As published on bbc.co.uk, Wednesday 3 November, 2021.
Most big UK firms and financial institutions will be forced to show how they intend to hit climate change targets, under proposed Treasury rules.
By 2023, they will have to set out detailed public plans for how they will move to a low-carbon future - in line with the UK's 2050 net-zero target.
Plans will be submitted to an expert panel to ensure they are not just spin.
But net-zero commitments will not be mandatory and green groups say the proposals do not go far enough.
Net zero is when a business or a country achieves an overall balance between the amount of carbon it is emitting and the carbon that it's removing from the atmosphere.
Firms and their shareholders will be left to decide how their businesses adapt to this transition, including how they intend to decarbonise the emissions they finance.
On the third day of the COP26 climate summit in Glasgow, Chancellor Rishi Sunak will outline the move to make the UK the first net-zero financial centre.
He will address an audience of finance ministers, central bank governors, heads of multilateral financial institutions and senior industry leaders, as part of a day dedicated to finance.
The chancellor will also announce that 450 firms controlling 40% of global financial assets - equivalent to $130 trillion (£95tn) - have now aligned themselves to limit global warming to 1.5C above pre-industrial levels.
He will say advances have been made to "rewire the entire global financial system for net zero" under the UK's leadership of the conference.
David Barmes, senior economist at the campaign group Positive Money, said the intention was positive, but that financial firms were still "pouring billions into environmentally harmful projects."
"We need public institutions rather than bank chief executives to lead the way in setting standards and delivering green investment."
Mark Campanale, founder and executive chair of Carbon Tracker Initiative, said the think tank welcomed the government plans, but "we need to see much more of the detail on how this will be achieved".
"None of the financial assets announced are currently aligned with net-zero and no group of companies can say they are meeting the Paris target by continuing to invest in fossil fuels, so that needs to change considerably before London can be lauded as the world's first net-zero financial centre and a model for the world," he said.
David Miliband, president of the International Rescue Committee, said it was important to ensure value for money:
"Writing cheques is the easy part and spending the money well is much, much tougher."
How firms are adapting their practices must be measured, the former Labour politician added.
Shaun Spiers, executive director of environmental think tank Green Alliance, said that more UK public sector funding was needed.
"Private sector investment is vital, but it will be much easier to achieve on the back of serious investment by the chancellor," he said.

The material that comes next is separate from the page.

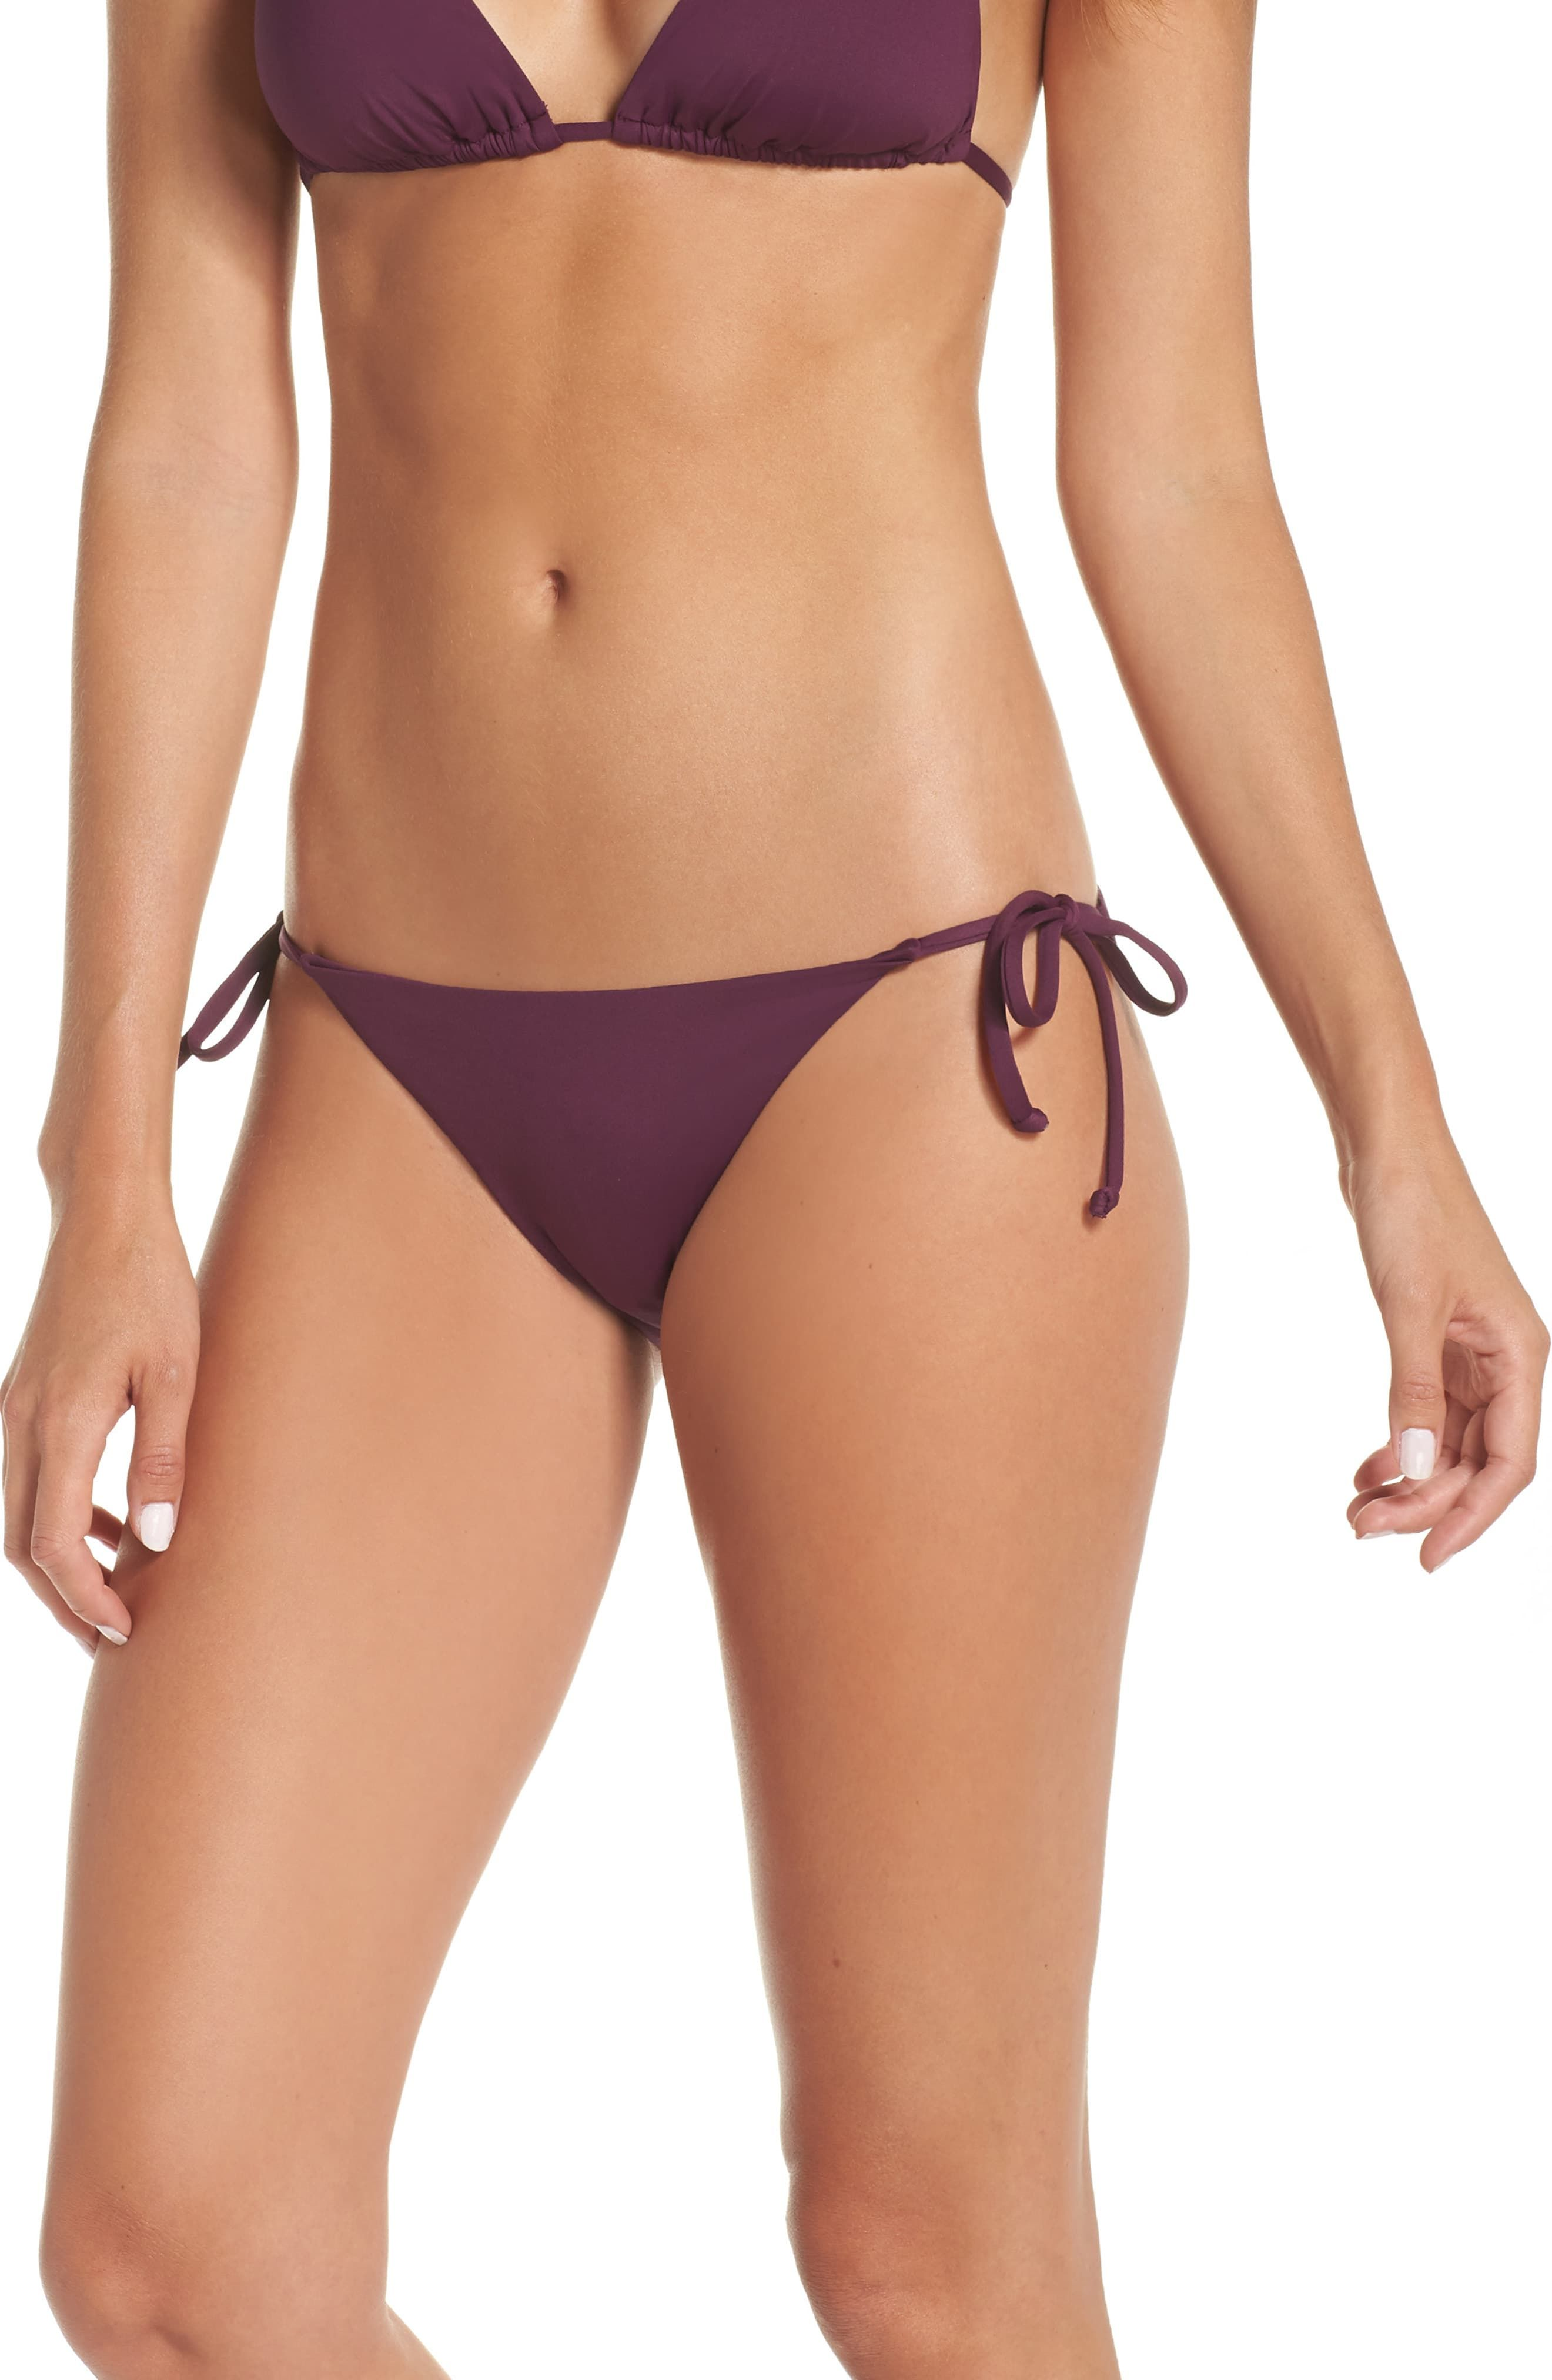 Out from Under Side Tie Scrunch Back Bikini Bottom in Burgundy

However, a coalition of finance groups led by former Bank of England governor Mark Carney said there was enough finance committed to keep global warming to 1.5 degrees centigrade.
The Glasgow Financial Alliance for Net Zero (GFANZ) - chaired by former Bank of England Governor Mark Carney -said more than $130trn (£95trn) of private capital "is now committed to transforming the economy for net zero".
In practice, this means that bank loans which would go to an oil field, or a coal mine, are diverted to renewable energy or to a mortgage product that subsidises highly efficient homes.
Bank bosses will also be expected to have tough conversations with their customers who want to build coal power stations, pulling funding in advanced nations now, and developing countries beyond the next decade.
Under the new Treasury rules, financial institutions and companies with shares listed on the London Stock Exchange must come up with net-zero transition plans, which will be published from 2023.
The strategies will need to include targets to reduce greenhouse gas emissions, and steps which firms intend to take to get there.
A taskforce made up of industry leaders, academics, regulators and civil society groups will also be set up by the government.
It will set a science-based "gold standard" for the plans in order to guard against so-called "greenwashing" - where environmental initiatives are more about marketing than substance.
However, the government said there was "not yet a commonly agreed standard for what a good quality transition plan looks like".
And although the plans will need to be published, the government said "the aim is to increase transparency and accountability" and the UK was not "making firm-level net-zero commitments mandatory".
Meanwhile, Mr Sunak is also expected to pledge that a target for developed countries to send $100bn (£720m) a year to those that are less developed - to help support their transition to net zero - will be achieved by 2023.
Alison Rose, chief executive of Natwest, told the BBC Radio 4 Today programme, it had started measuring the emissions on its balance sheet to help it track progress, saying "transparency was critical".
She said the bank was working with the oil and gas industry "to develop credible transition plans so we can track progress and work with our customers".
But Ms Rose said its main focus was helping small firms where there were "real business opportunities" in "adopting sustainable supply chain [and] sustainable business practices".
Kay Swinburne, vice-chairman of financial services at KPMG UK, said the announcement on UK firms would provide the financial services industry with a "valuable set of unified metrics to measure progress towards decarbonisation".
"It is brave to put a gold standard in place for all companies raising funding," she added.
And Dr Ben Caldecott, director of the UK Centre for Greening Finance and Investment, said the plans would "spur demand for green finance and accelerate decarbonisation, not just in the UK but wherever UK firms do business".